- Location of Bayonet Point in Pasco County, Florida.
- Coordinates: 28°19′33″N 82°40′59″W﻿ / ﻿28.32583°N 82.68306°W
- Country: United States
- State: Florida
- County: Pasco

Area
- • Total: 5.73 sq mi (14.83 km^{2})
- • Land: 5.68 sq mi (14.71 km^{2})
- • Water: 0.046 sq mi (0.12 km^{2})
- Elevation: 26 ft (7.9 m)

Population (2020)
- • Total: 26,713
- • Density: 4,702.5/sq mi (1,815.64/km^{2})
- Time zone: UTC-5 (Eastern (EST))
- • Summer (DST): UTC-4 (EDT)
- ZIP code: 34667
- Area code: 727
- FIPS code: 12-04162
- GNIS feature ID: 2402667

= Bayonet Point, Florida =

Bayonet Point is a census-designated place (CDP) in Pasco County, Florida, United States. As of the 2020 census, Bayonet Point had a population of 26,713.
==Geography==
According to the United States Census Bureau, the CDP has a total area of 5.7 sqmi, of which 5.6 sqmi is land and 0.1 sqmi (1.41%) is water.

==Demographics==

Historical population
| Census | Pop. | Note | %± |
| 1980 | 16,455 |  | — |
| 1990 | 21,860 |  | 32.8% |
| 2000 | 23,577 |  | 7.9% |
| 2020 | 26,713 |  | — |
source:

===2020 census===

As of the 2020 census, Bayonet Point had a population of 26,713. The median age was 50.1 years. 17.6% of residents were under the age of 18 and 29.6% of residents were 65 years of age or older. For every 100 females there were 89.6 males, and for every 100 females age 18 and over there were 86.5 males age 18 and over.

100.0% of residents lived in urban areas, while 0.0% lived in rural areas.

There were 11,825 households in Bayonet Point, of which 22.2% had children under the age of 18 living in them. Of all households, 36.8% were married-couple households, 19.2% were households with a male householder and no spouse or partner present, and 33.7% were households with a female householder and no spouse or partner present. About 33.0% of all households were made up of individuals and 20.7% had someone living alone who was 65 years of age or older.

There were 13,286 housing units, of which 11.0% were vacant. The homeowner vacancy rate was 2.8% and the rental vacancy rate was 7.0%.

Racial composition as of the 2020 census
| Race | Number | Percent |
|---|---|---|
| White | 21,248 | 79.5% |
| Black or African American | 1,099 | 4.1% |
| American Indian and Alaska Native | 128 | 0.5% |
| Asian | 355 | 1.3% |
| Native Hawaiian and Other Pacific Islander | 11 | 0.0% |
| Some other race | 1,138 | 4.3% |
| Two or more races | 2,734 | 10.2% |
| Hispanic or Latino (of any race) | 4,111 | 15.4% |

===2010 census===

As of the census of 2010, there were 23,467 people, 10,727 total households, and 6,214 families residing in the CDP. The population density was 4,136 PD/sqmi.

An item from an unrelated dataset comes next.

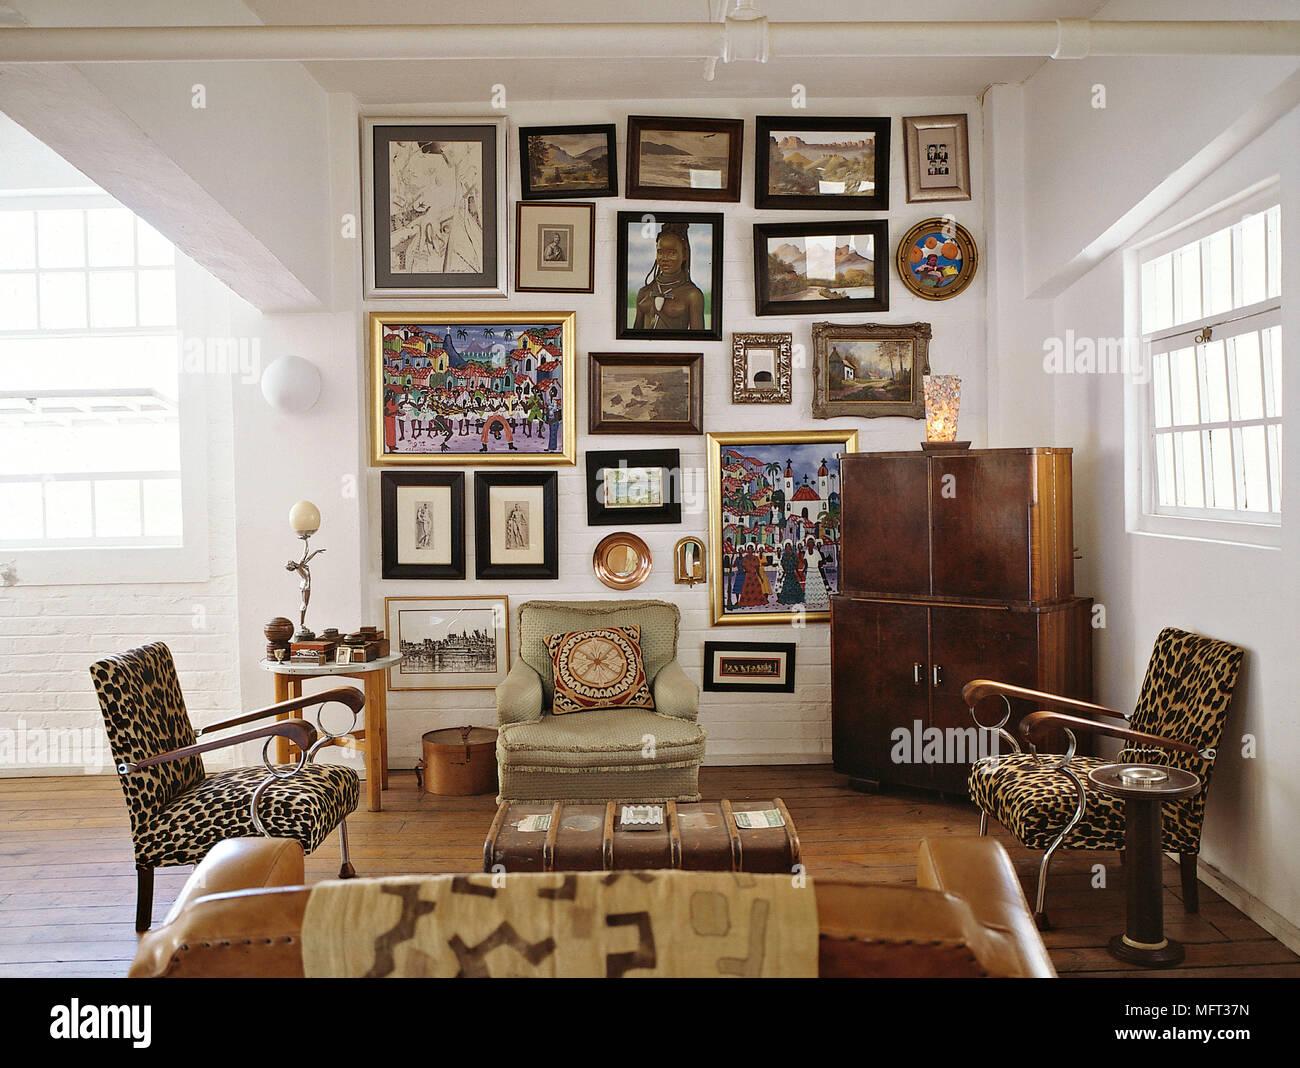 Moderne Wohnzimmer gepolsterte Sessel tierdruck Stoff leder Sofa ...

The racial makeup of the CDP was 92.3% White, 1.9% African American, 0.3% Native American, 1.2% Asian, 0.1% Pacific Islander, 1.9% from other races, and 2.3% from two or more races. Hispanic or Latino of any race were 9% of the population.

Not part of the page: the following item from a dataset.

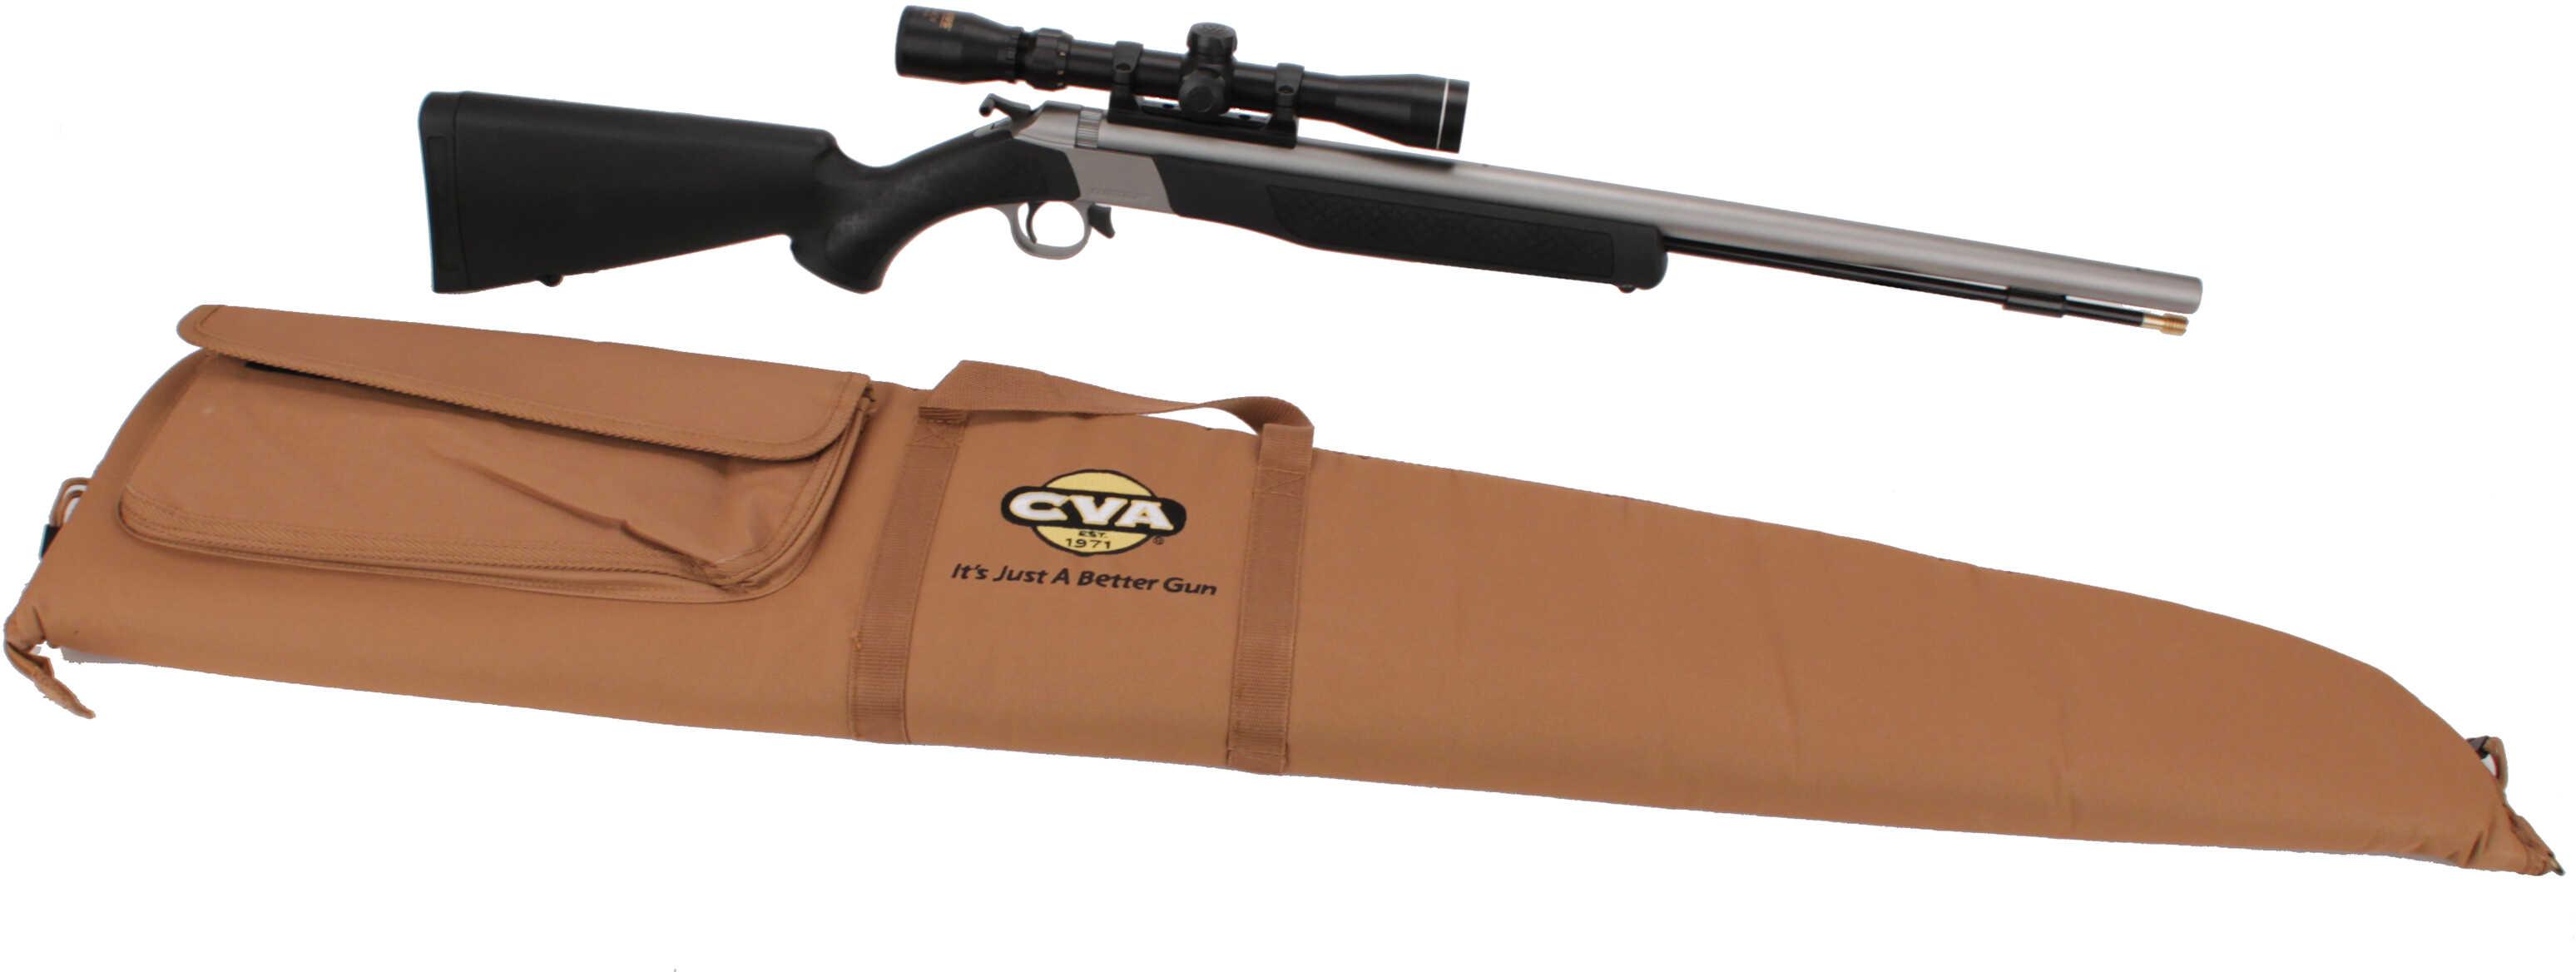 CVA Wolf .50 Caliber Muzzleloader Stainless Steel/Black w/KonuShot Scope PR2110SSC

Of the 6,214 family households, 19.5% had children under the age of 18 living with them. 40.1% were married couples living together, 12.9% had a female householder with no husband present, 5% had a male householder with no wife present. Of the 10,727 total households, 42.1% were non-families. 35.1% of all households were made up of individuals, and 22.5% had someone living alone who was 65 years of age or older.

In the CDP, the population was spread out, with 18.4% under the age of 18. The median age was 48.9 years.